Clavícula (2017) se sitúa en un espacio de clasificación difícil. No responde a una estructura narrativa tradicional ni se presenta como un ensayo en sentido estricto. El texto parte de una experiencia corporal concreta y la utiliza como punto de observación.
En la obra de Marta Sanz, el cuerpo no es solo biología. También es una forma de interpretar el contexto.
Marta Sanz nació en Madrid en 1967. Es doctora en filología, novelista, ensayista y poeta.
Su trayectoria incluye títulos como Animales domésticos (2003), Susana y los viejos (2006), Black, black, black (2010), Farándula (2015) y Clavícula (2017). Su obra se caracteriza por una conciencia crítica del propio acto de escribir.
En Clavícula, la autora aborda un dolor físico persistente que no logra un diagnóstico claro. A partir de esa experiencia, desarrolla una reflexión sobre la precariedad laboral, el género, el envejecimiento y las condiciones de vida contemporáneas.
El cuerpo aparece como un espacio en el que se inscriben las tensiones sociales.
Uno de los aspectos más relevantes del texto es su rechazo a separar lo individual de lo estructural. La enfermedad no se presenta como un hecho aislado. Se vincula con los ritmos de trabajo, la inseguridad económica y las expectativas sociales. Ese cruce amplía el alcance del relato.

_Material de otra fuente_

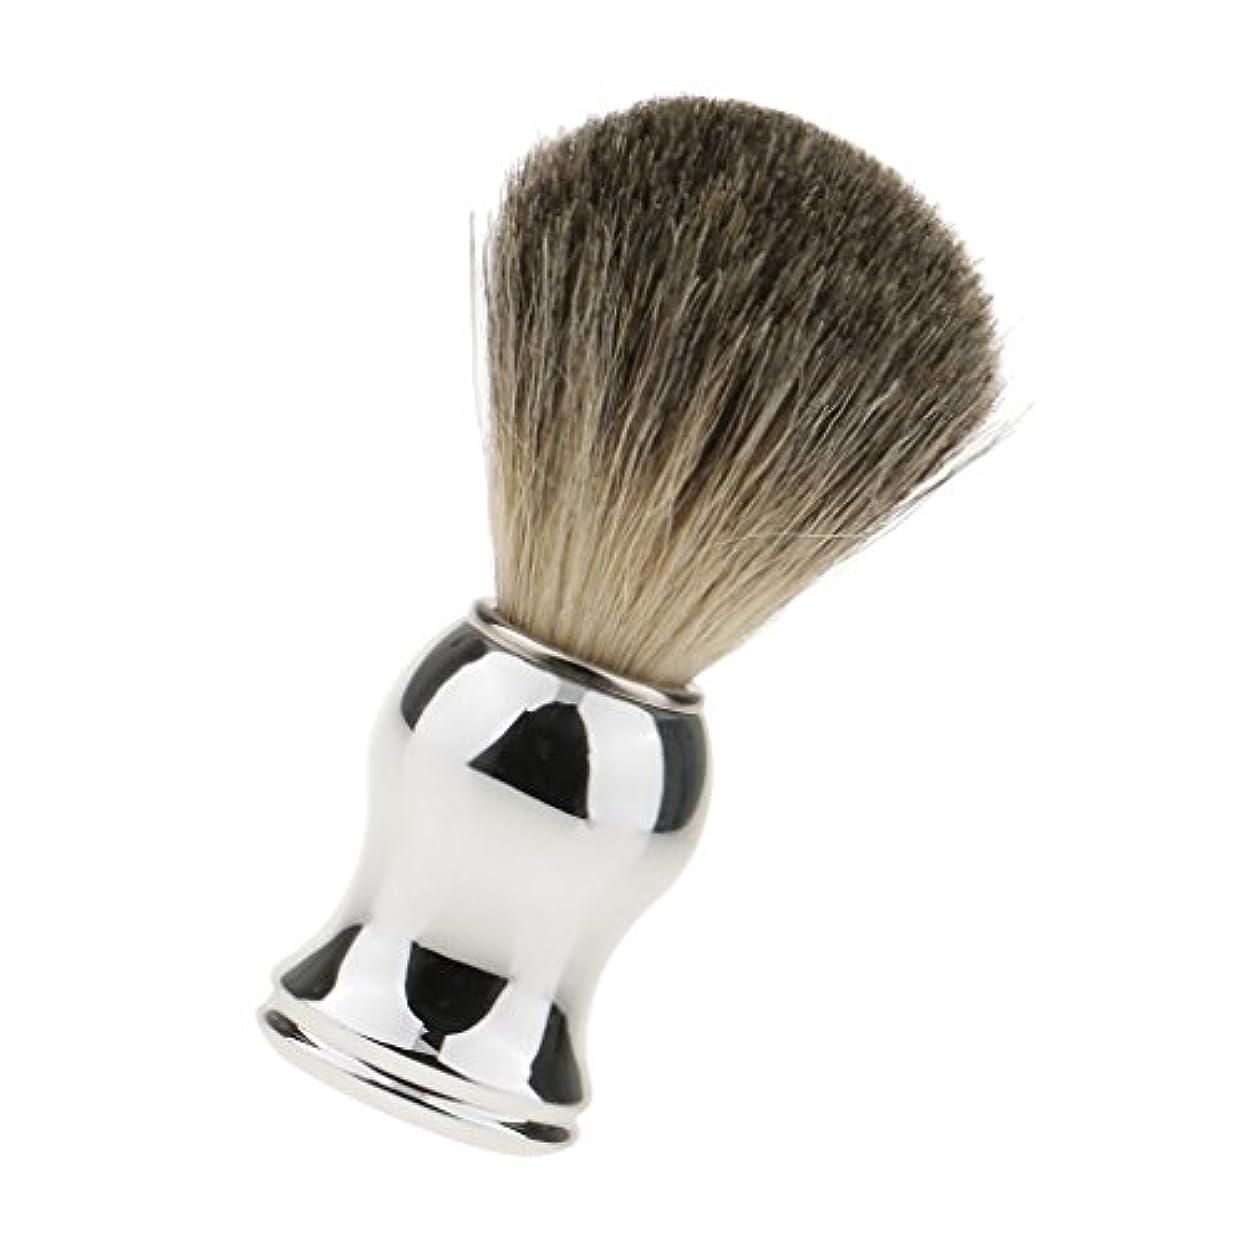 道に迷いましたリスキーなニコチンシェービング用ブラシ 人工毛 メンズ 理容 洗顔 髭剃り 泡立ち 11.2cm 全2色 - シルバーハンドル
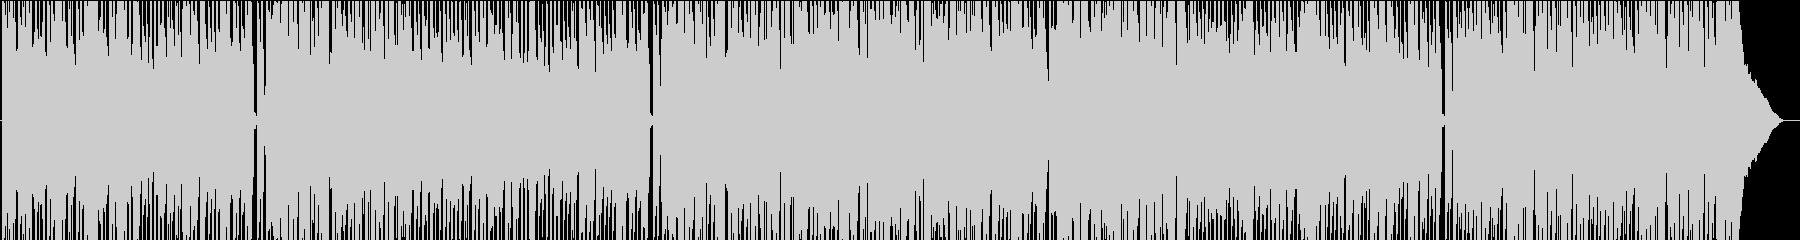 底抜けに明るい木琴メロのキッズ用楽曲の未再生の波形

Sanz recibió el Premio Herralde de Novela en 2015 por Farándula, una obra que analiza el mundo del espectáculo y sus dinámicas de precariedad. Su producción ensayística y narrativa ha sido reconocida por su capacidad de integrar la reflexión crítica en la ficción sin perder claridad.
El aporte de Clavícula no consiste en ofrecer respuestas, sino en modificar la forma en que se percibe la experiencia corporal. Introduce una pregunta sobre las condiciones que hacen posible o imposible el bienestar.Leer a Marta Sanz hoy implica reconocer que el cuerpo no es un espacio neutro.
Es un lugar donde se reflejan las condiciones materiales de vida. Y que la literatura puede servir para hacer visible esa relación.